Jurisprudence CJUE — 62017TJ0612_RES

CELEX62017TJ0612_RES
TypeJurisprudence CJUE
Datemercredi 10 novembre 2021

Texte intégral

Affaire T‑612/17

Google LLC, anciennement Google Inc.
et
Alphabet, Inc.

contre

Commission européenne

Arrêt du Tribunal (neuvième chambre élargie) du 10 novembre 2021

« Concurrence – Abus de position dominante – Recherche générale et recherche spécialisée de produits sur Internet – Décision constatant une infraction à l’article 102 TFUE et à l’article 54 de l’accord EEE – Abus par effet de levier – Concurrence par les mérites ou pratique anticoncurrentielle – Conditions d’accès par les concurrents à un service d’une entreprise dominante dont l’utilisation ne peut pas être effectivement remplacée – Affichage favorisé par l’entreprise dominante des résultats de son propre service de recherche spécialisée – Effets – Nécessité d’établir un scénario contrefactuel – Absence – Justifications objectives – Absence – Possibilité d’infliger une amende eu égard à certaines circonstances – Lignes directrices pour le calcul du montant des amendes – Compétence de pleine juridiction »

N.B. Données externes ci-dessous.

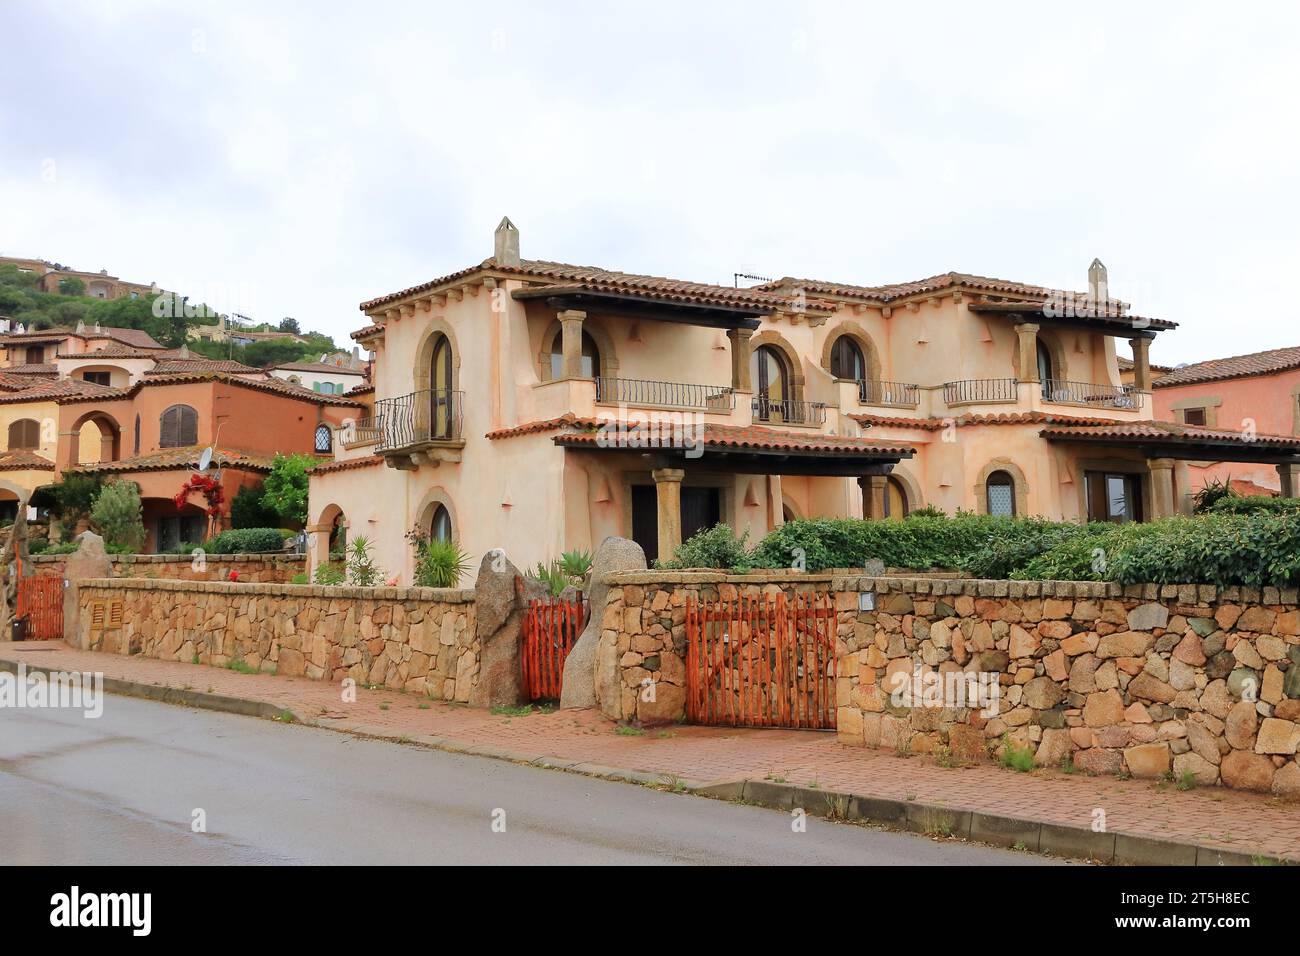 Maisons italiennes colorées traditionnelles typiques en Sardaigne en Italie Banque D'Images

  1. Recours en annulation – Contrôle de légalité – Critères – Décisions adoptées par la Commission en matière de concurrence – Éléments à prendre en considération – Éléments antérieurs et postérieurs à la décision attaquée – Éléments présentés dans le cadre de la procédure administrative ou présentés pour la première fois dans le cadre du recours en annulation – Inclusion

    (Art. 101, 102, 261 et 263 TFUE)

    (voir points 129-131)

  2. Droit de l’Union européenne – Principes – Droits fondamentaux – Présomption d’innocence – Procédure en matière de concurrence – Applicabilité

    (Charte des droits fondamentaux de l’Union européenne, art. 48, § 1)

    (voir point 132)

  3. Concurrence – Procédure administrative – Décision de la Commission constatant une infraction – Preuve de l’infraction et de sa durée à la charge de la Commission – Portée de la charge probatoire – Décision s’appuyant sur des éléments de preuve suffisants pour démontrer l’existence de l’infraction – Obligations probatoires des entreprises contestant la réalité de l’infraction

    (Art. 102 TFUE)

    (voir points 133, 134)

  4. Recours en annulation – Compétence du juge de l’Union – Interprétation de la motivation d’un acte administratif – Limites

    (Art. 263 et 264 TFUE)

    (voir point 135)

  5. Position dominante – Abus – Notion – Notion objective visant les comportements de nature à influencer la structure du marché et ayant pour effet de faire obstacle au maintien ou au développement de la concurrence – Obligations incombant à l’entreprise dominante – Exercice de la concurrence par les seuls mérites

    (Art. 102 TFUE)

    (voir points 150-157)

  6. Position dominante – Abus – Effet de levier – Position dominante sur le marché de la recherche générale sur Internet – Pratiques favorisant le comparateur de produits de l’entreprise en position dominante et défavorisant les comparateurs de produits concurrents – Caractère abusif – Critère d’appréciation – Pratiques constituant une amélioration qualitative relevant de la concurrence par les mérites – Absence – Pratique en ligne avec le caractère ouvert de l’infrastructure à la base du moteur de recherche générale – Absence

    (Art. 102 TFUE)

    (voir points 158-189, 193-197)

  7. Procédure juridictionnelle – Intervention – Moyen non soulevé par la partie requérante – Irrecevabilité

    (Statut de la Cour de justice, art. 40, 4e al., et 53, 1er al. ; règlement de procédure du Tribunal, art. 142, § 3)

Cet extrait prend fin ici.